LONDON, Dec 5 (Reuters) - Britain's services sector shrank slightly for a second month running in November, as cost-of-living pressures for households and businesses' uncertainty about the economic outlook squeezed demand, a survey showed on Monday.
The S&P Global/CIPS purchasing managers' index (PMI) for the services sector held at 48.2 last month, matching October's 21-month low and an earlier 'flash' estimate for November.
Combined with last week's manufacturing PMI, the data pointed to Britain's economy shrinking at a quarterly pace of 0.4%, S&P Global economist Chris Williamson said.
"This is the toughest spell the UK economy has faced since the global financial crisis excluding only the height of the pandemic," he said.
The composite PMI, which combines services and manufacturing, held at 48.2, its lowest since January 2021 when Britain was in a COVID-19 lockdown.
Both the Bank of England and the government's Office for Budget Responsibility estimate that Britain's economy is entering recession, after output dropped by 0.2% in the three months to the end of September.
Britain is likely to see Europe's biggest fall in economic output next year outside Russia, the Organisation for Economic Co-operation and Development (OECD) forecast last month.

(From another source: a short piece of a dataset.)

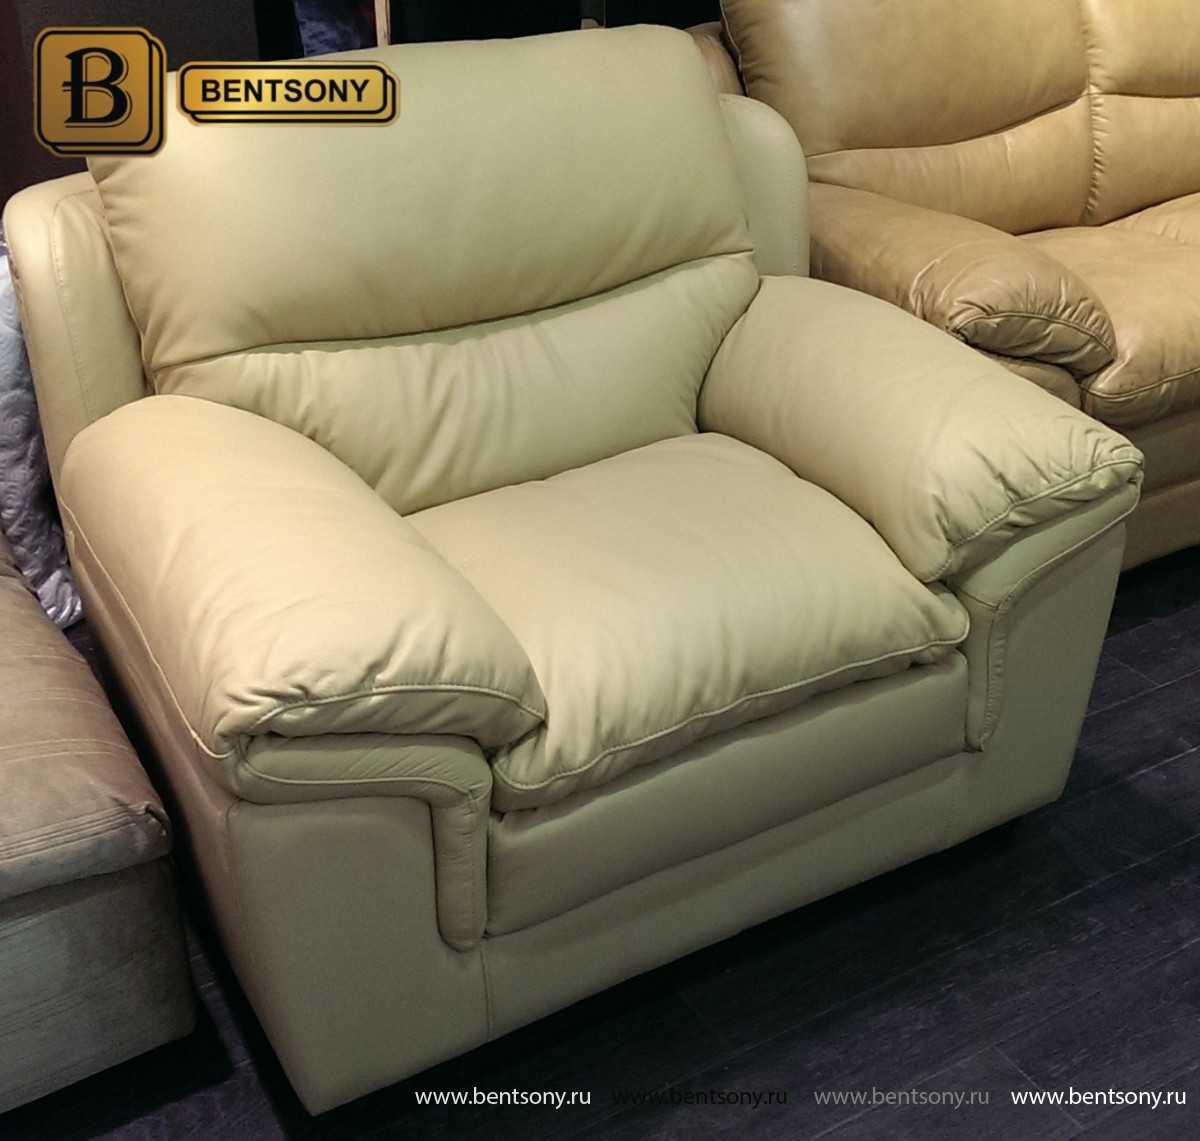 Кресло Маниани для квартиры

S&P Global said businesses reported greater confidence than in October, when morale suffered a severe knock following political and financial market turmoil caused by September's mini-budget, but sentiment remained "historically subdued".
Consumer demand has been squeezed by the highest inflation in 41 years, at 11.1%, and business customers were cautious about spending, respondents to the PMI survey said.
While cost pressures have eased somewhat for manufacturers, they picked up in the services sector and are not much below the record levels seen earlier in 2022.
Businesses cited higher wage costs, energy bills and prices for raw materials such as food, while increased competitive pressure meant they raised the prices they charged at the slowest pace since January, before Russia invaded Ukraine.
Unlike in the manufacturing sector, services employers are still increasing staff numbers, though at the slowest pace since February 2021.
"There were some reports of hiring freezes and the non-replacement of leavers as firms grew concerned over costs and operating margins," S&P Global said.